December 30, 2011 Tags: Genetics
Understanding Evolution: Is There “Junk” in Your Genome? Part 1

Today's entry was written by Dennis Venema. You can read more about what we believe here.

One of the challenges for discussing evolution within evangelical Christian circles is that there is widespread confusion about how evolution actually works. In this (intermittent) series, I discuss aspects of evolution that are commonly misunderstood in the Christian community. In this first of several posts on “junk DNA”, we explore how genomics can be employed to test for non-functional sequences by comparing sequences between related organisms. As you finish reading the essay, see if you can figure out the meaning of the figure above. We'll pose a question at the end.

Do genomes have non-functional sequences?

There are various ways to test the hypothesis that certain regions of DNA are non-functional, and in this series we will explore some of them. One way to estimate the fraction of non-functional DNA in a particular genome is to determine which portions of the genome can be freely altered by mutation without consequence to the organism. DNA sequences that cannot be mutated freely without a loss in function are said to be under purifying selection: as mutated forms of this sequence arise in a population, the loss of function associated with the mutated sequence reduces the likelihood that the organism will pass this mutation on to future generations. This type of mutation, in a functional sequence, has deleterious consequences. Another way to put it is that functional sequences are subject to natural selection, which acts as a filter to “purify” the genome at a particular location, but that non-functional sequences are free from the constraints of selection, and “anything goes” with respect to mutation.

Tell us again, Grandpa!

One way to think about this is to consider a humorous story that is told within an extended family (I think every family has these types of stories – I know my kids love to hear certain ones told and retold again). Certain incidental details of the story can be altered from telling to telling, and perhaps Uncle Joe tells it a certain way but Uncle Jeff tells it another with respect to those types of details. There are, however, certain features of the story that are absolutely non-negotiable, or the story doesn’t “work” (and telling these parts incorrectly will generate protests and corrections from the kids who know how the story goes and insist that you are not telling it correctly). These types of stories, like genomes, have some bits that can freely change and others that can’t. The bits that can’t change are under constraint and, in biological terms, subject to selection. The same factors apply in more concise form to jokes: some bits can change (and do, as the joke is told and retold) – but some bits cannot (for example, the punch line).
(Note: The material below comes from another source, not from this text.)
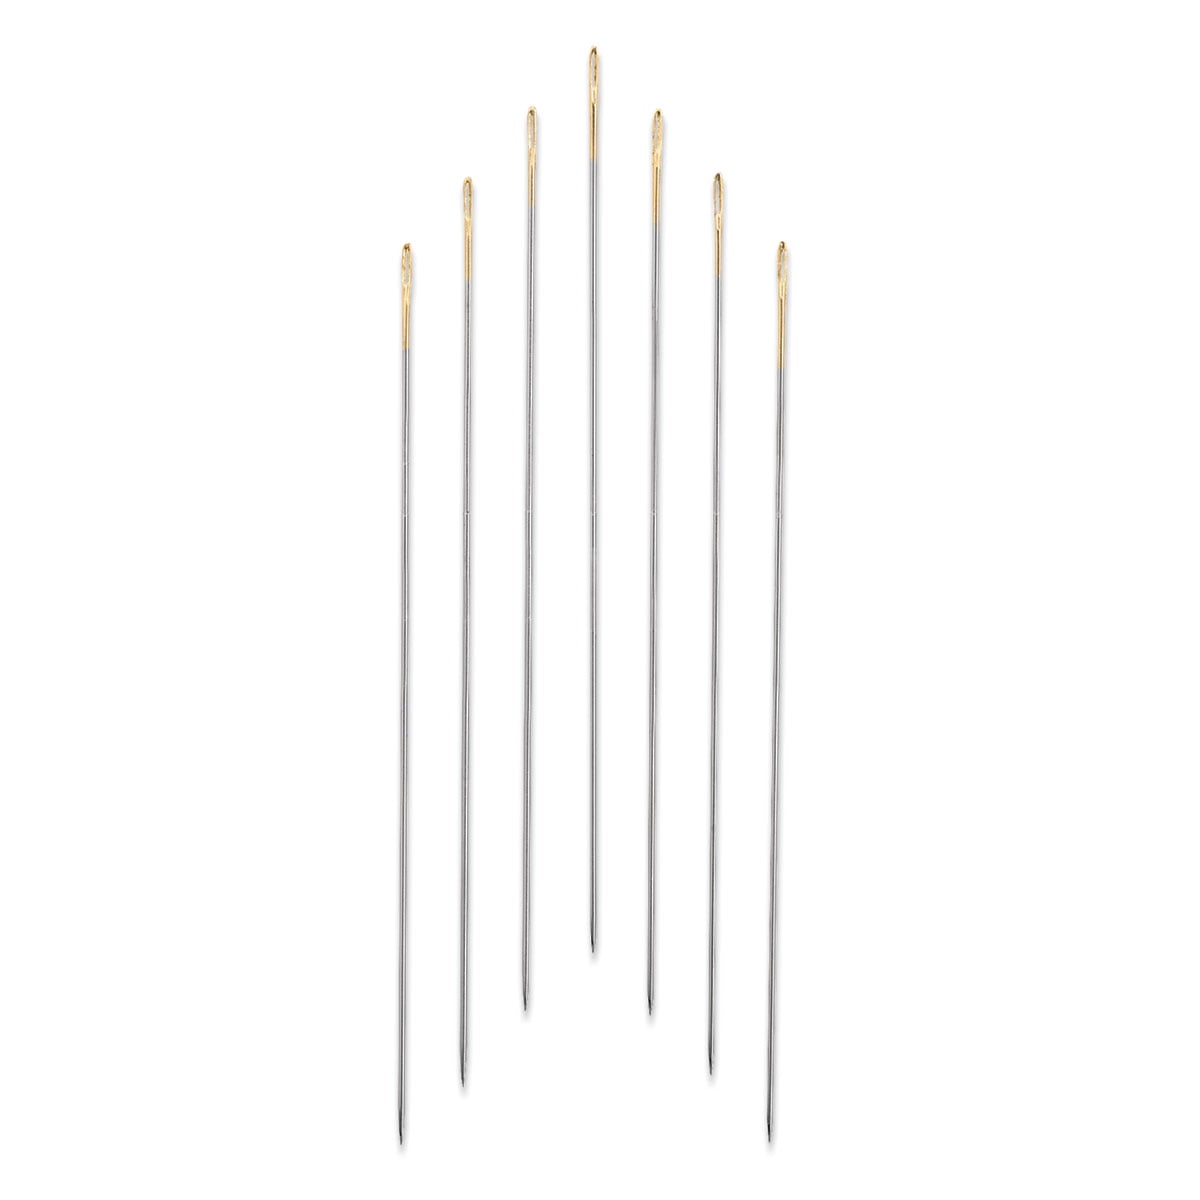 Beads Needles 01# Jewelry Accessories Steel Beading Needles Big Eye Beading Threading String Needles Hand Tools for Professioanl or Beginner Craft Making

The best way to test for purifying selection is to compare the genomes of related organisms that have been separate species for some time. (To continue our analogy, you could determine what parts of the story are really important by comparing how each of the uncles tells it and listing out the parts that are the same in all the various versions). The genomes in the two species are modified versions of the same genome present in the common ancestor species: they started as virtually identical but have since experienced mutations in different locations over time. Mutations in functional sequences will have been subject to purifying selection to remove loss-of-function mutations, whereas mutations will have freely accumulated in non-functional sequences. The two genomes are thus a collection of similarities and differences, as we have discussed before:

In some ways, comparing the DNA sequence between related organisms is like reading alternative history novels. The hypothesis of common ancestry between similar organisms makes a very straightforward prediction about their genomes: it simply predicts that they were once the same genome, in the same ancestral species. This hypothesis also predicts that these two genomes, having gone their separate ways in the diverged species, will have accumulated changes once they separated. Like an alternative history, each genome has the same backstory, and then a history independent from the other after the point of separation.

These similarities and differences, however, will not be randomly distributed. Sequences subject to purifying selection will have fewer differences than sequences that can freely mutate. Accordingly, when compared side-by-side, the two genomes should have regions where differences are common, and where differences are rare. For example, consider a genome segment in two related species where there is one gene present. This gene has some regions that cannot be changed without significant consequences (the DNA letters that code for the amino acid sequence of the gene product, for example) and some regions that can be mutated without consequence (such as some sequences inside introns, the non-coding segments that separate gene coding segments and are spliced out of the final gene product):

What biologists observe when comparing sequences like this between two related organisms is that coding sequences, which obviously are required for the gene’s function, have far fewer differences between them than do sequences found in introns or in between genes. The idea is not that mutations are preferentially happening in those areas, but that mutations can occur everywhere in the genome, but are more likely to be selected out of populations if they alter functional sequences.

The expanding data set

This type of analysis gets easier to do the longer two species have been separated, and the more species one has to compare to each other. Very recently separated species will have a very high degree of genetic similarity simply because neither species has had appreciable mutations to a common ancestral genome. As such it is difficult to pick out the sequences that have been subject to selection, since functional and non-functional sequences are both still highly similar (virtually identical). It is only as species have been separated for a long time that a pattern begins to emerge: sequences that are functional remain “constrained” by purifying selection to remain more similar, and non-functional sequences accumulate mutations in the separate lineages that make them less and less alike.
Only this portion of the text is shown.